Would you output the listing exactly, with every image omitted?

COLLECTED DATA:

---------------

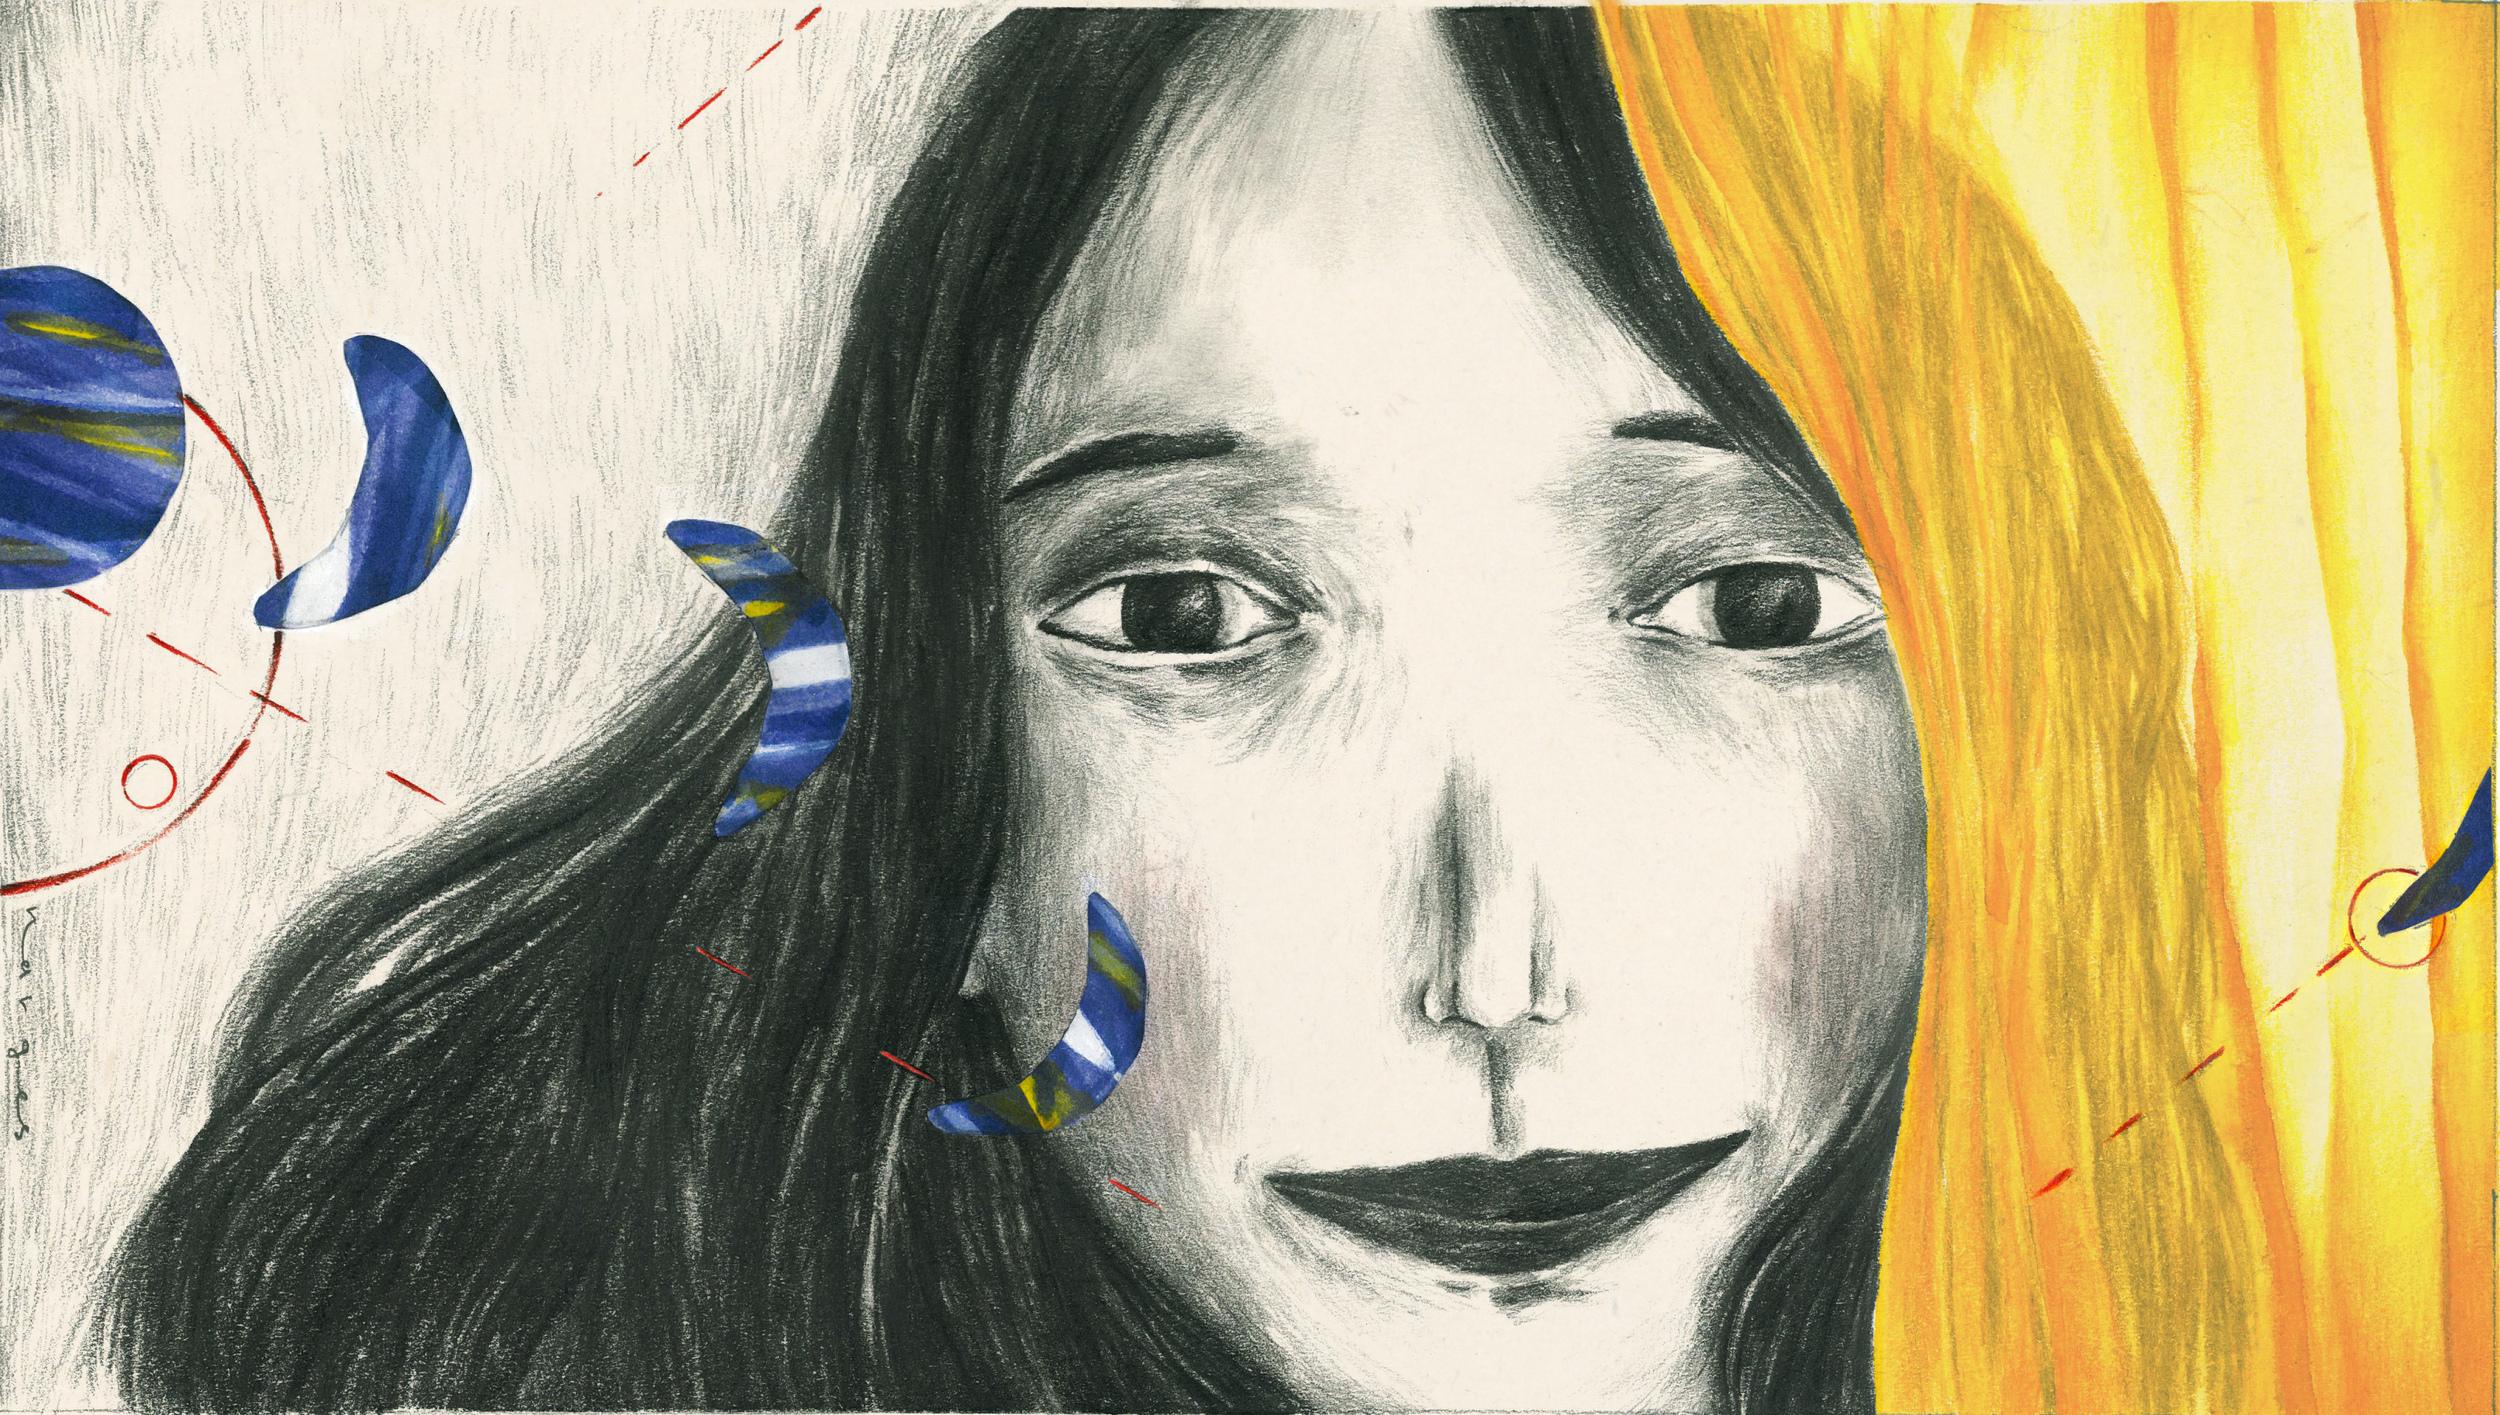 Art byNarges (Hasmik) Mohammadi
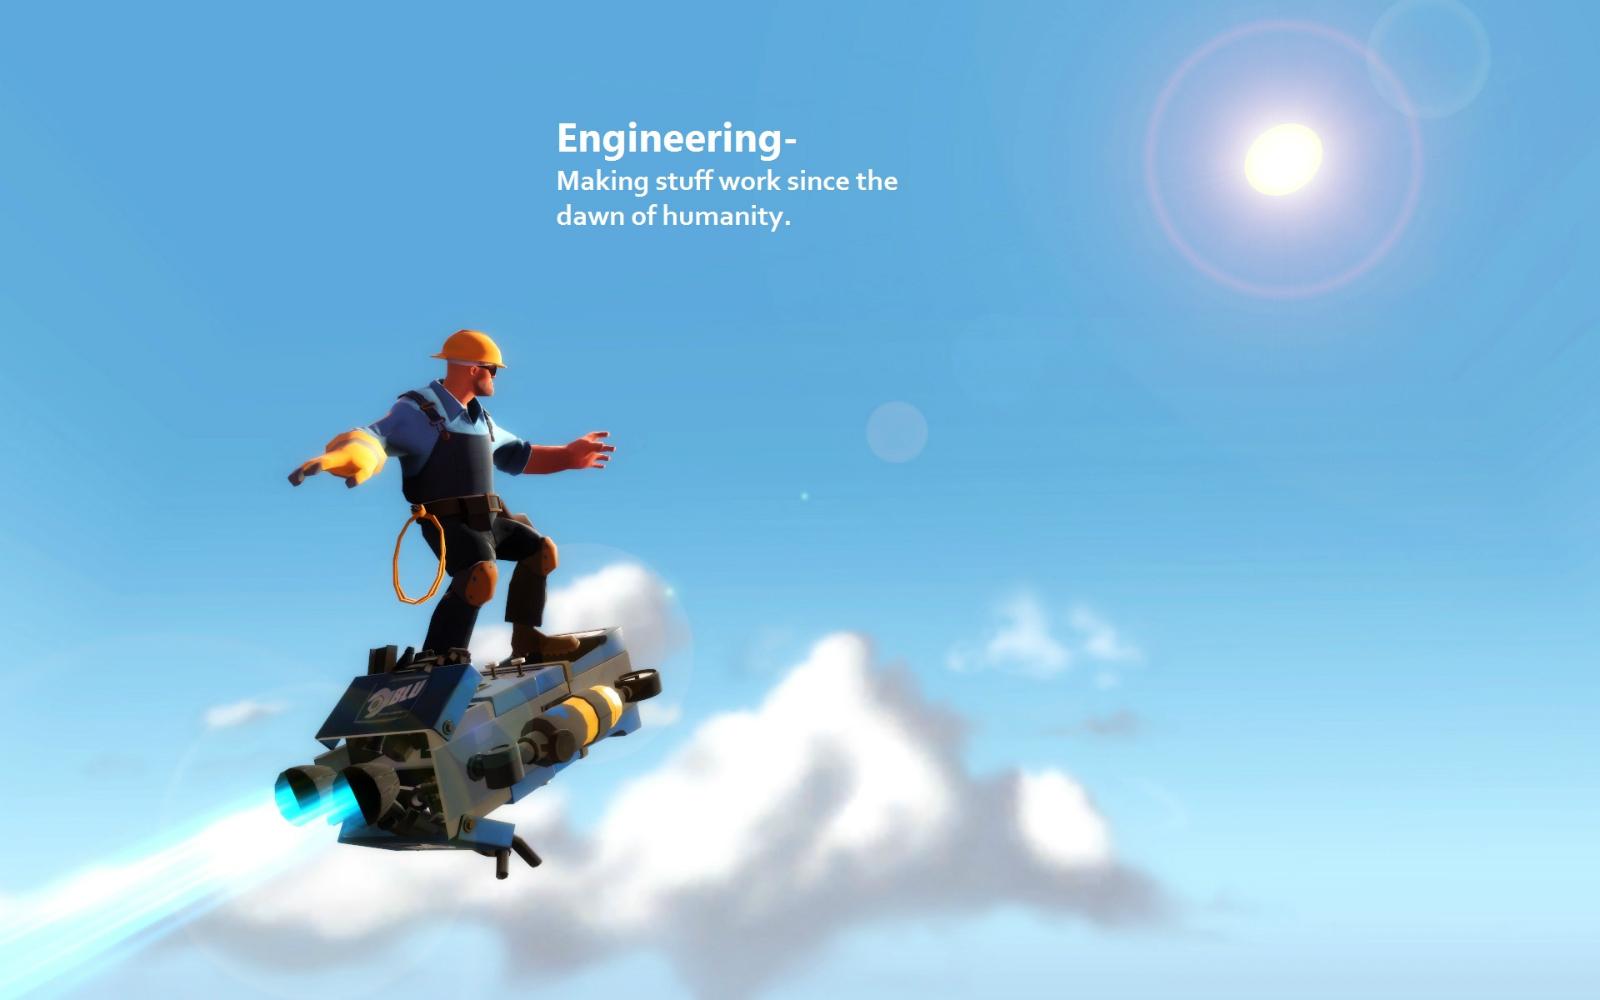 http://1.bp.blogspot.com/-T9B2ZOQiSwE/TmVDwdK2SnI/AAAAAAAAAzE/QTCAv7Mq3_c/s1600/team_fortress_2_engineer_blue_anime_text_www.Vvallpaper.net.jpg
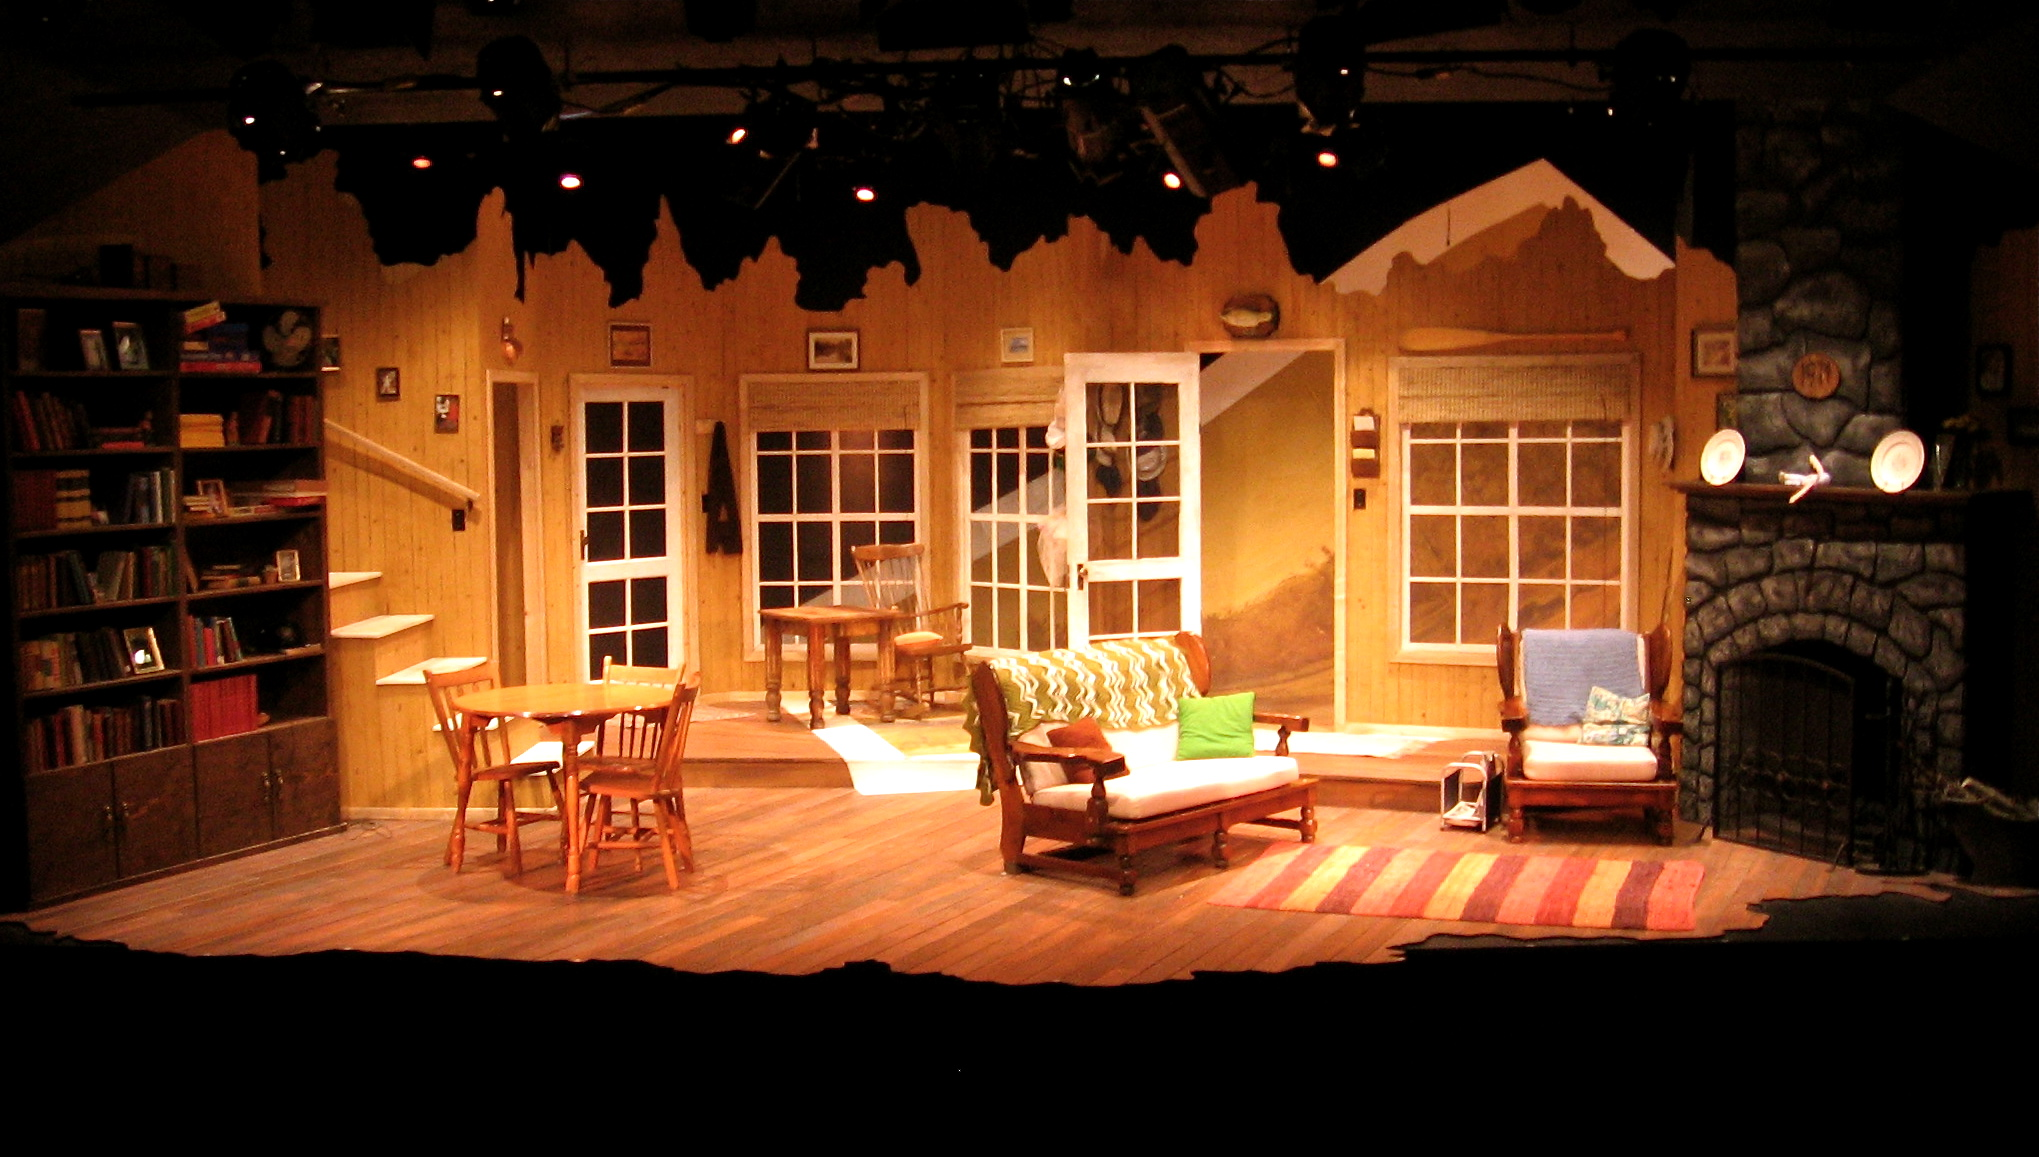 On Golden Pond - Rosebud Theatre
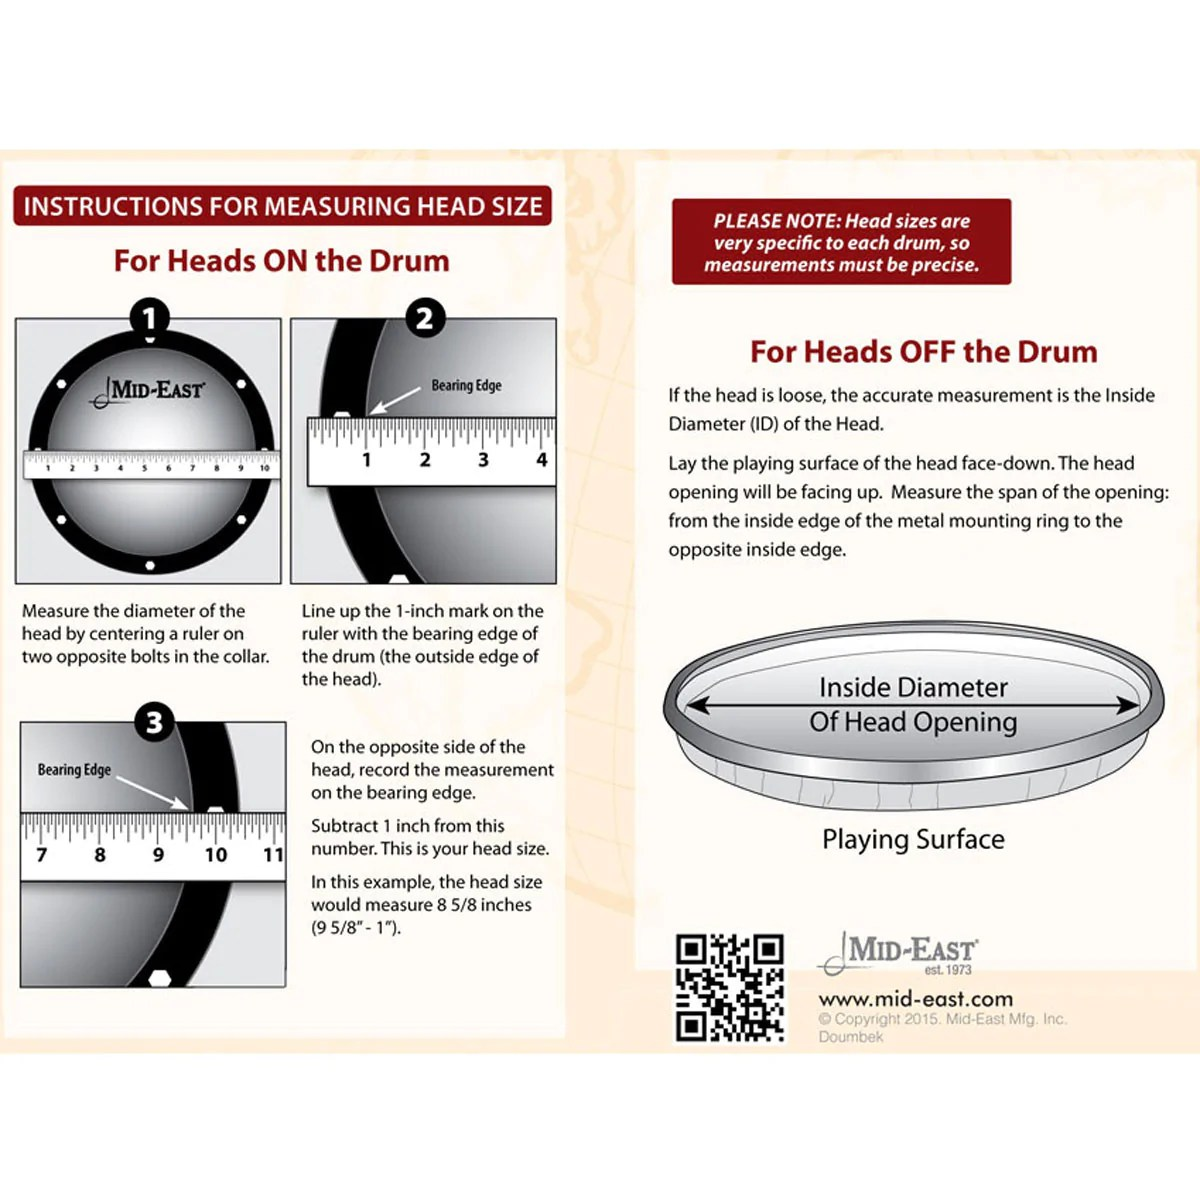 hight resolution of remo shoulder strap for externally tuned doumbek metal doumbek accessories hk 3200 dk instrumantra

---------------

OUTPUT FOR THIS TASK:
 Art byNarges (Hasmik) Mohammadi
 http://1.bp.blogspot.com/-T9B2ZOQiSwE/TmVDwdK2SnI/AAAAAAAAAzE/QTCAv7Mq3_c/s1600/team_fortress_2_engineer_blue_anime_text_www.Vvallpaper.net.jpg
 On Golden Pond - Rosebud Theatre
 hight resolution of remo shoulder strap for externally tuned doumbek metal doumbek accessories hk 3200 dk instrumantra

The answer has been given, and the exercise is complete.